● The task
Please write out only the lines from the line with "dolce and gabbana pink and white trainers" to the line with "Two monarch butterflies", inclusive, exactly as they stand below, without the pictures.

[Exercise input — start]

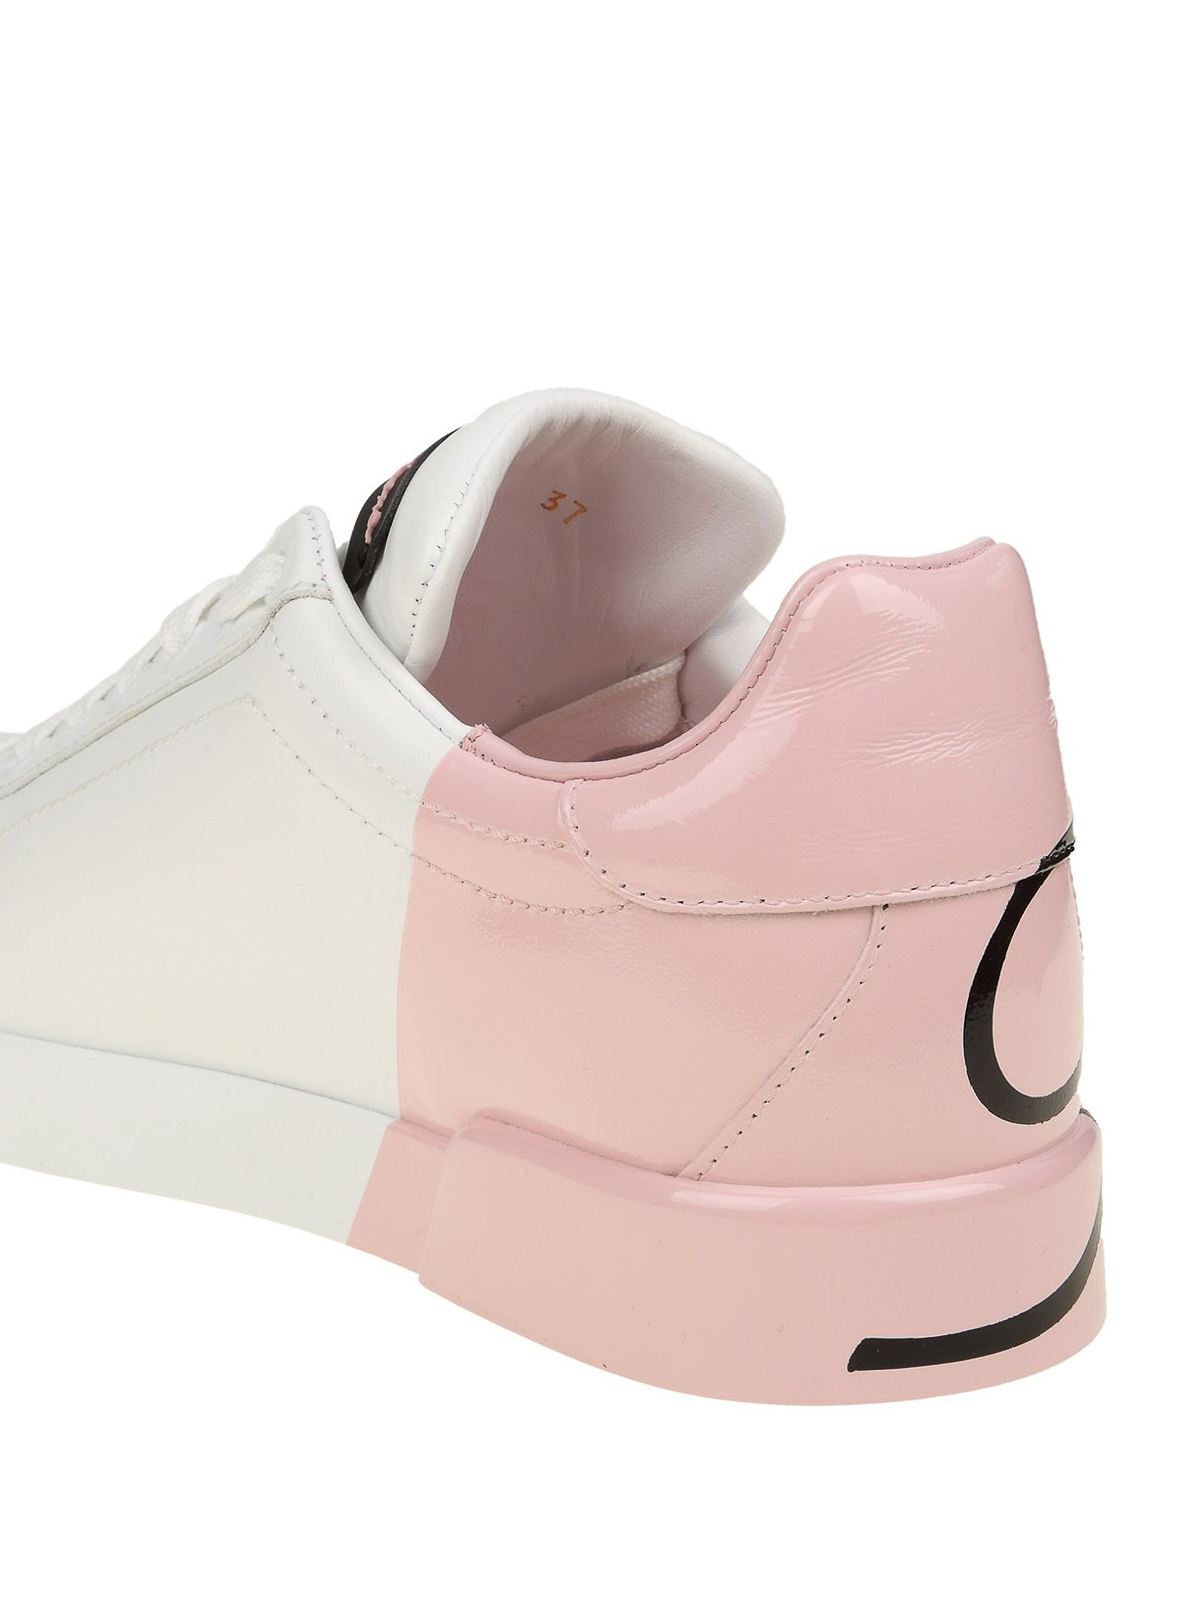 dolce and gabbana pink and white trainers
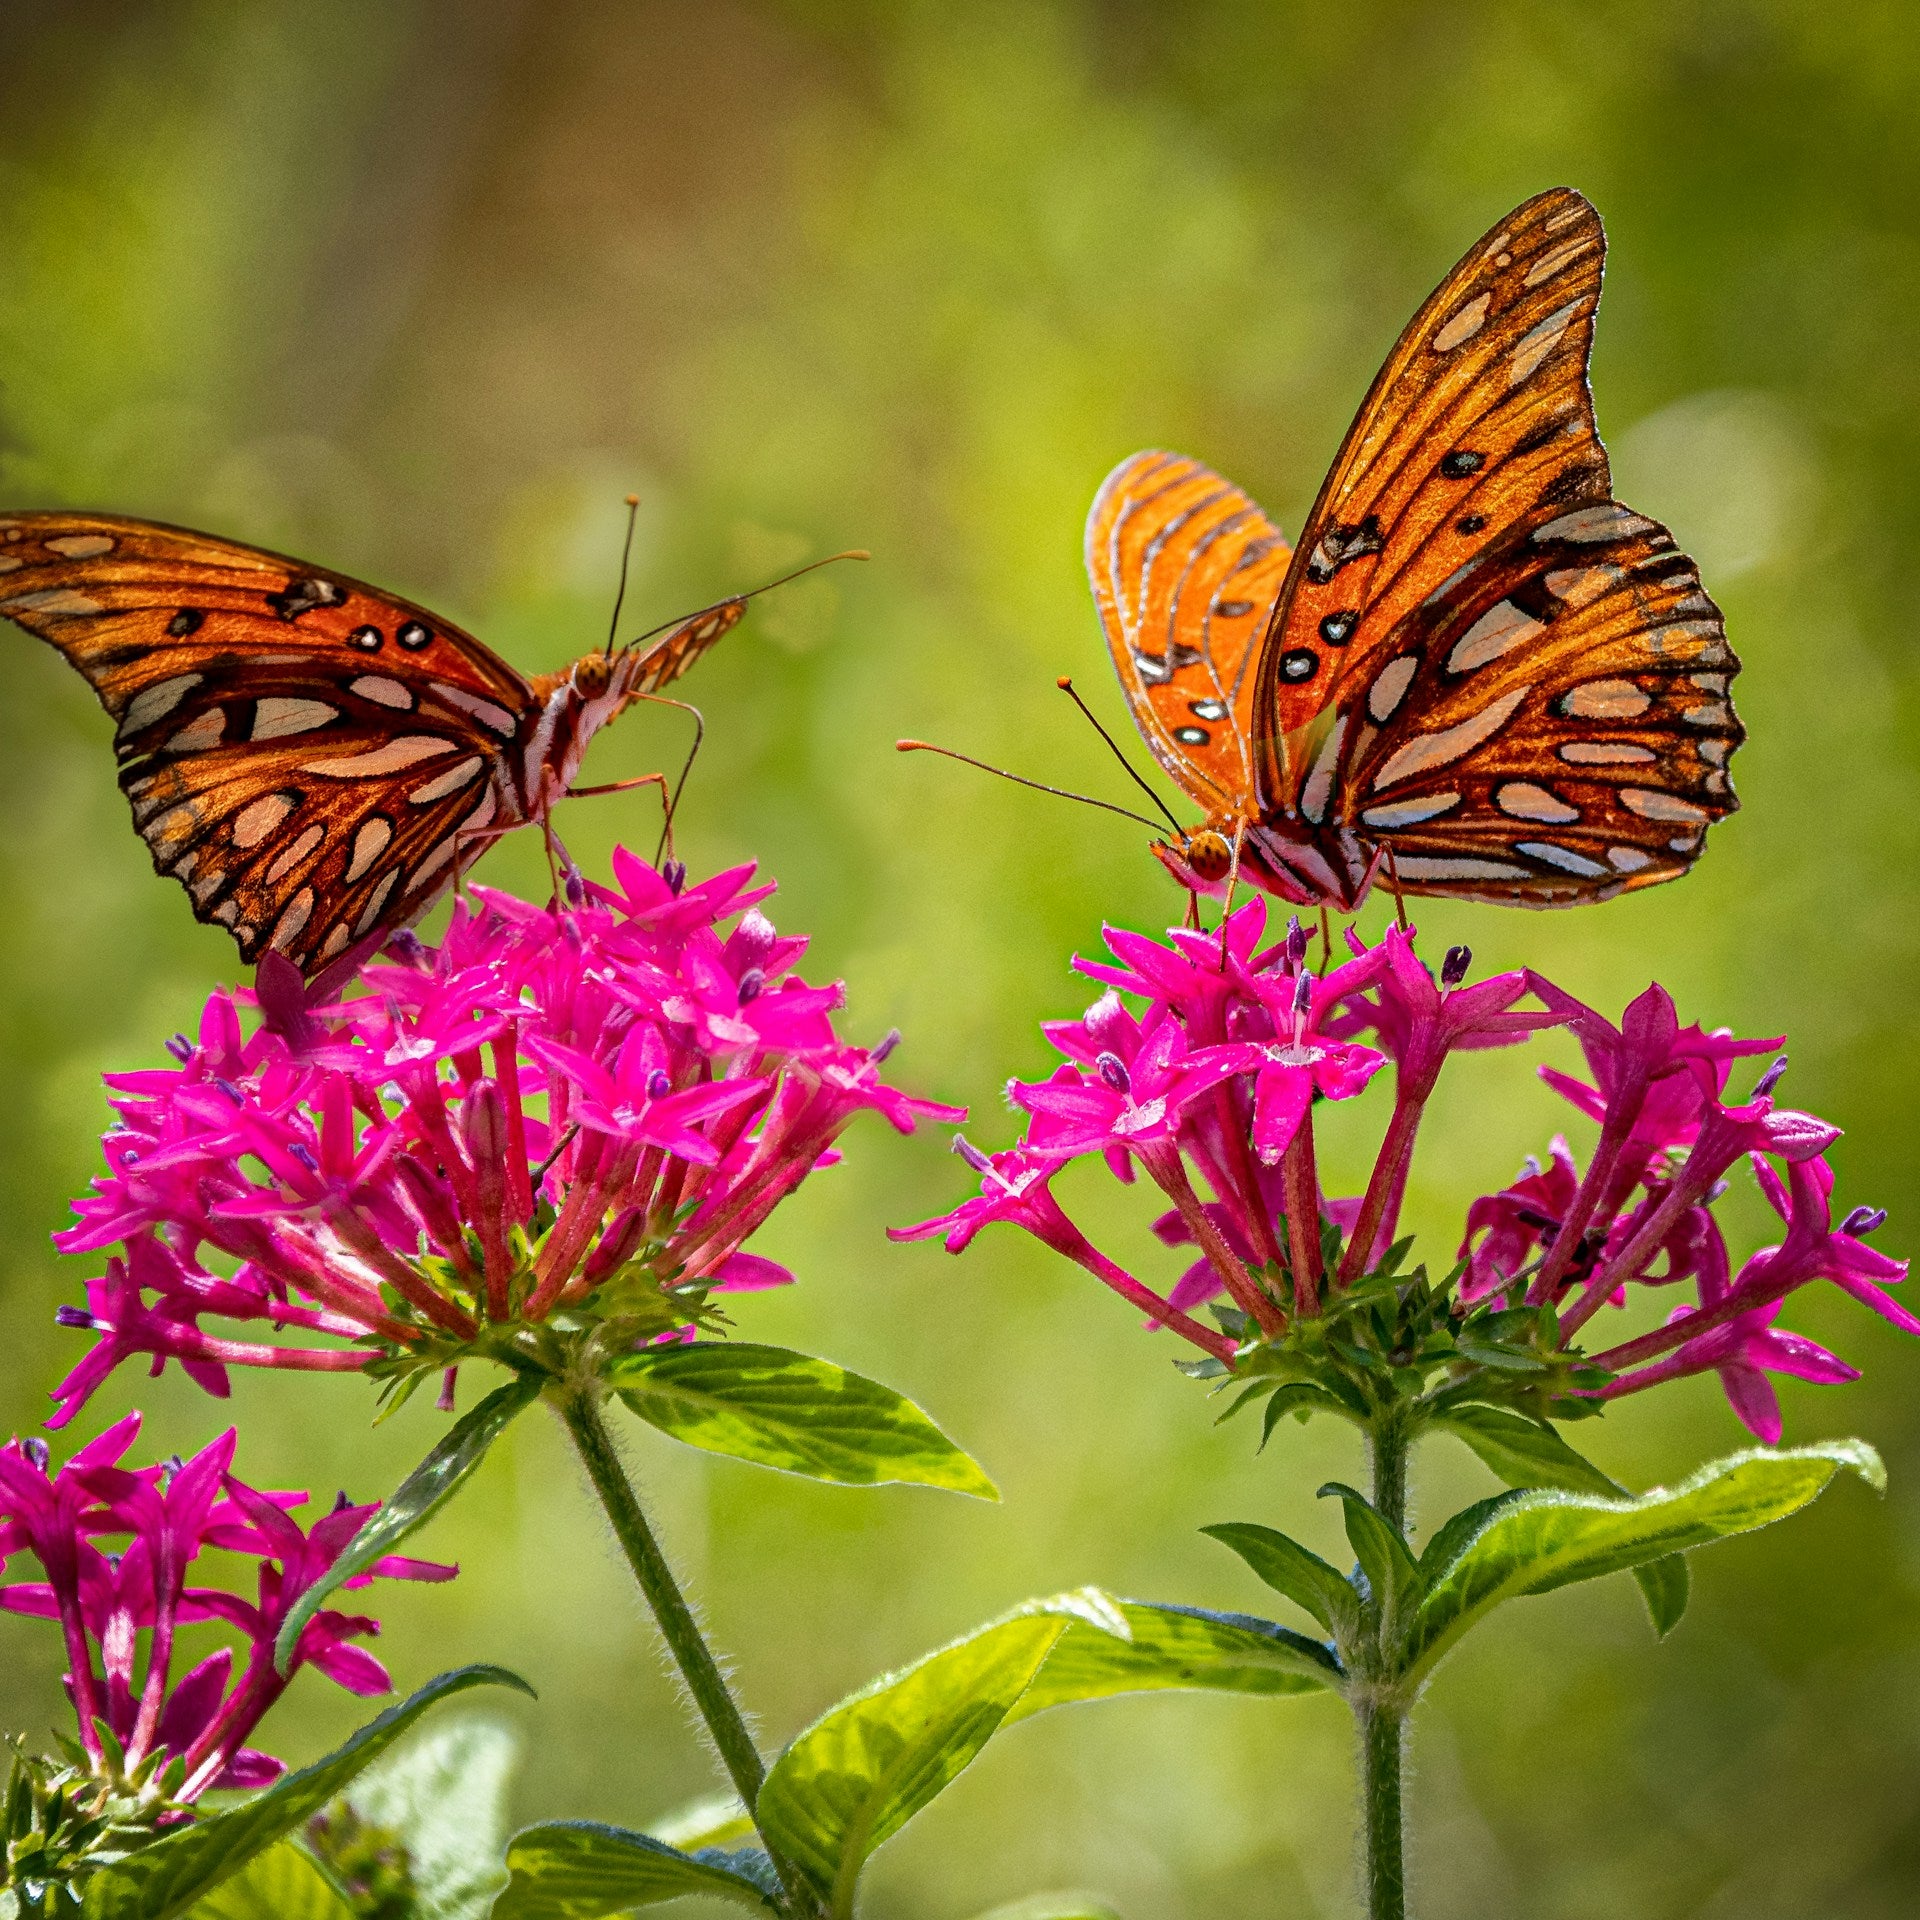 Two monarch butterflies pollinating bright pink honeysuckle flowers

[Exercise input — finish]
[Exercise input — start]

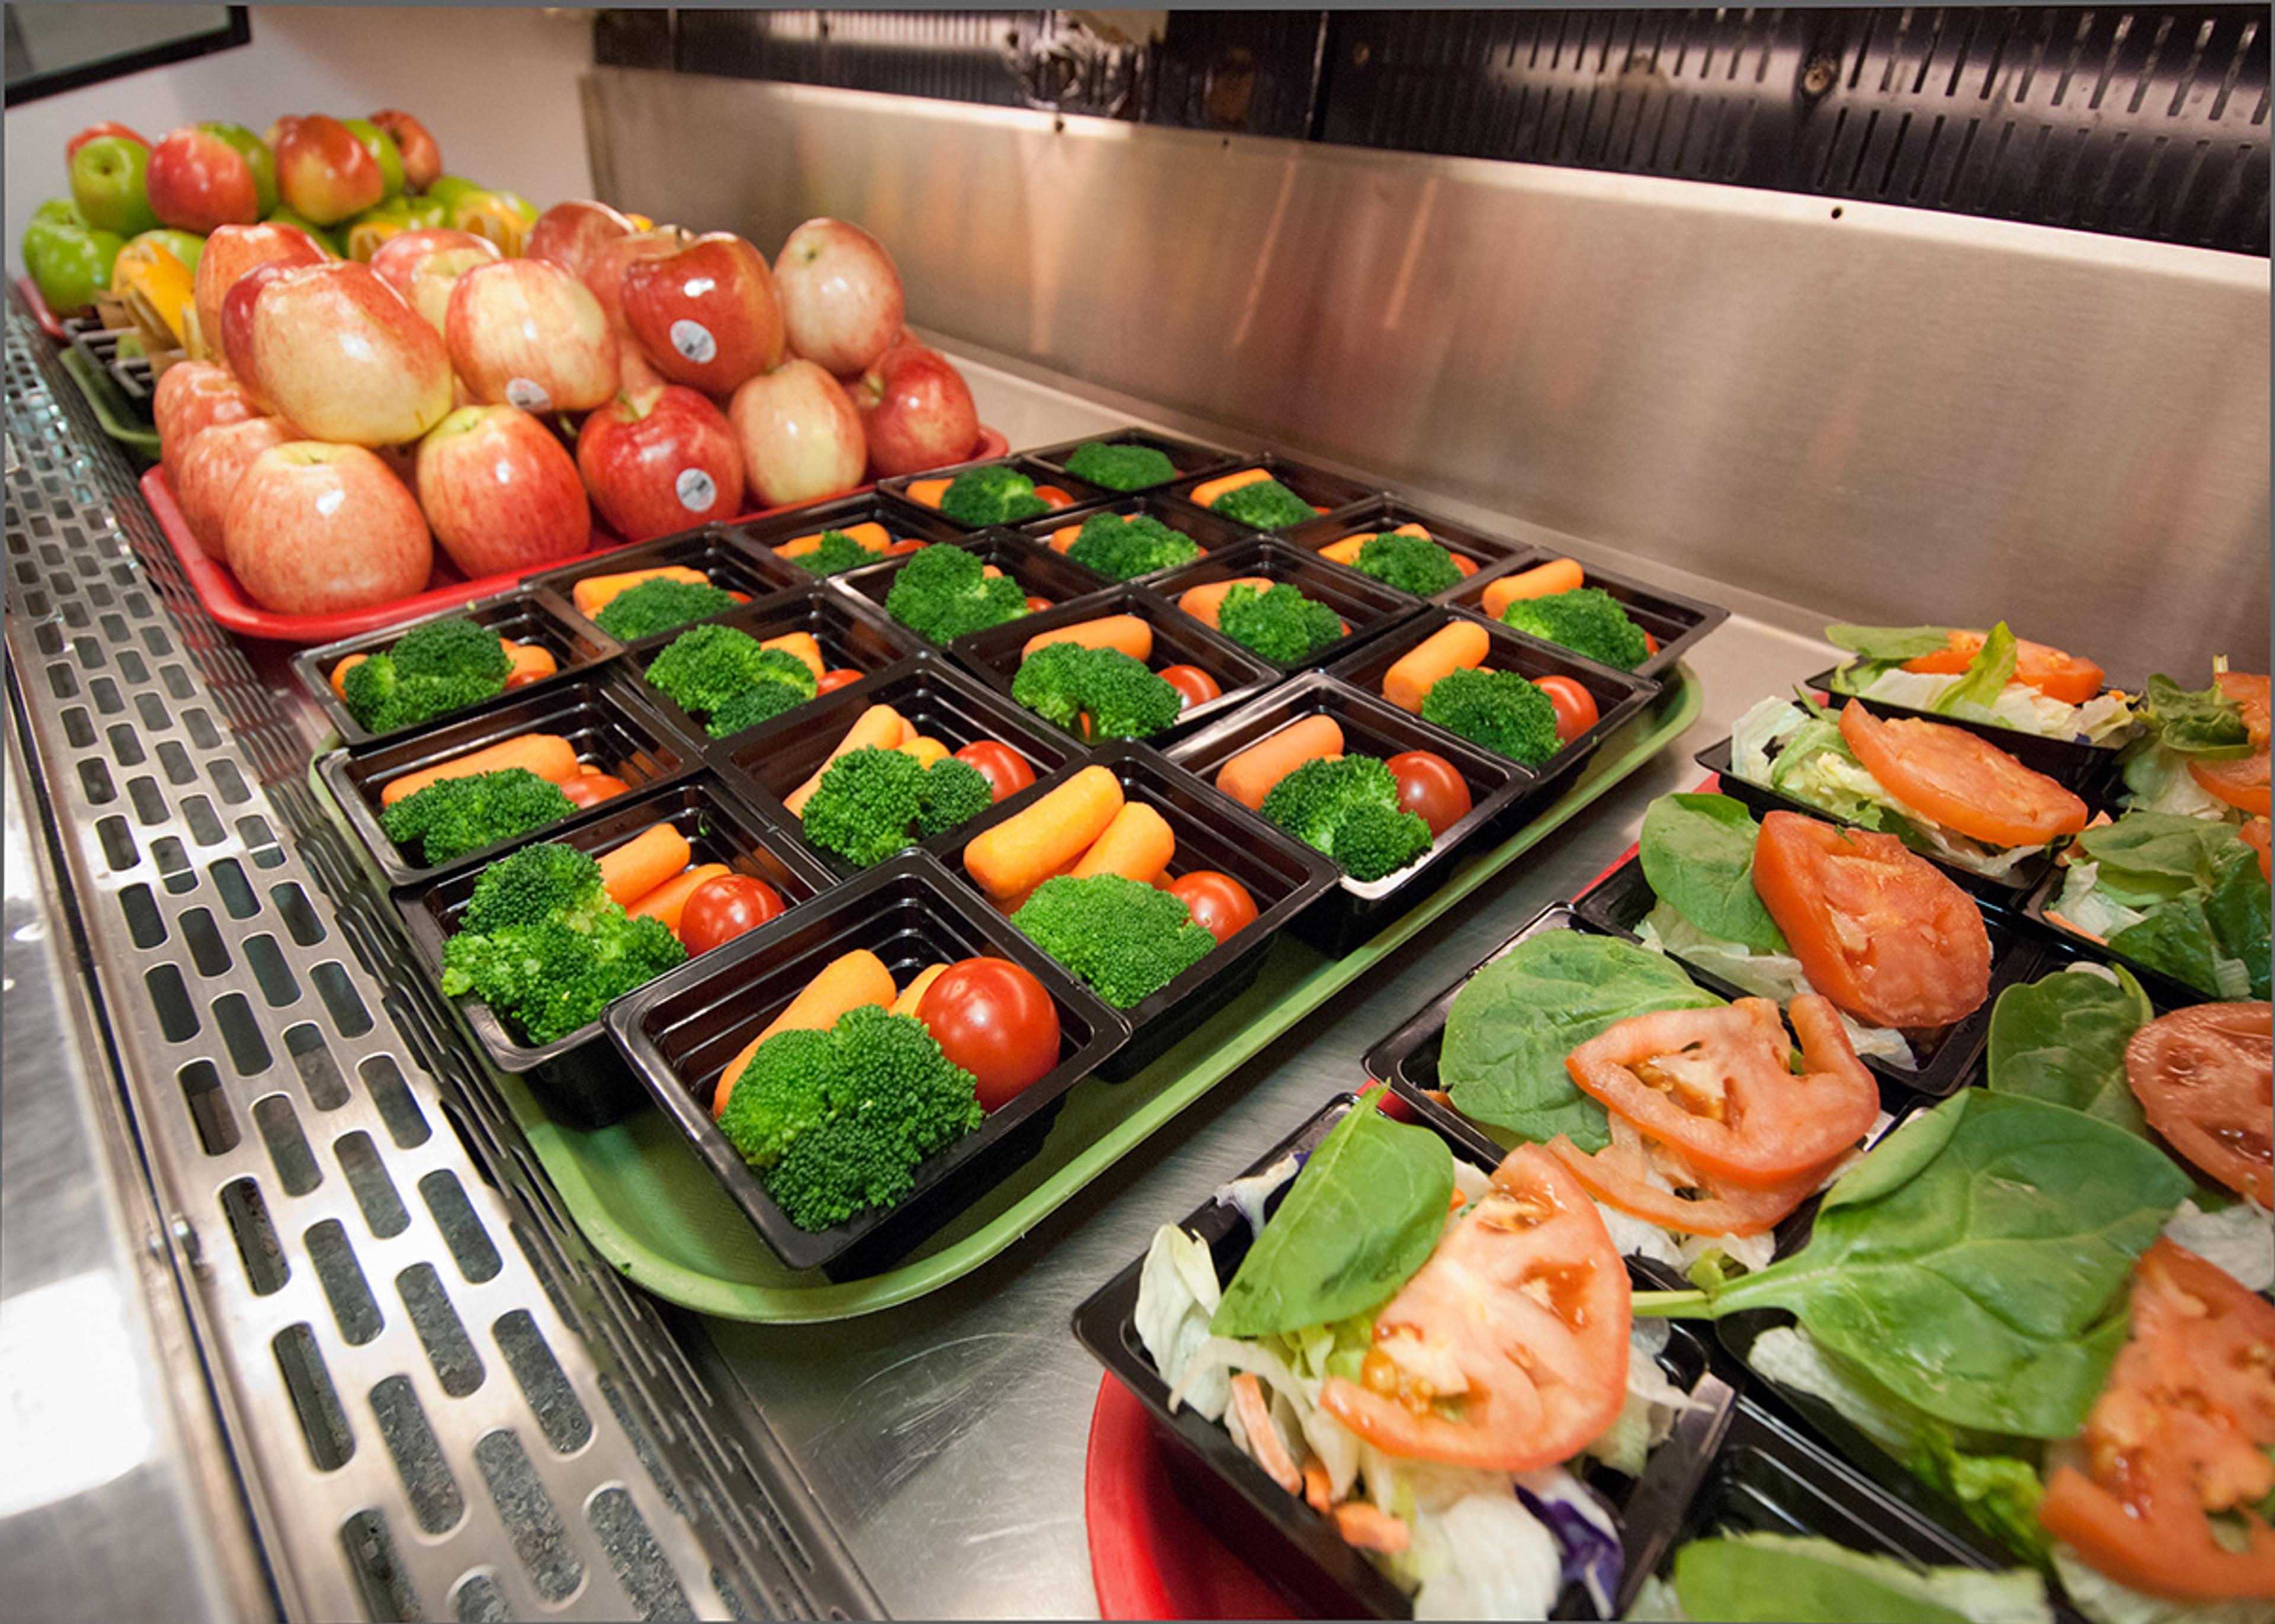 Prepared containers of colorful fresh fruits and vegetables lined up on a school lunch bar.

[Exercise input — finish]

● Solution to the exercise
 dolce and gabbana pink and white trainers
 Two monarch butterflies pollinating bright pink honeysuckle flowers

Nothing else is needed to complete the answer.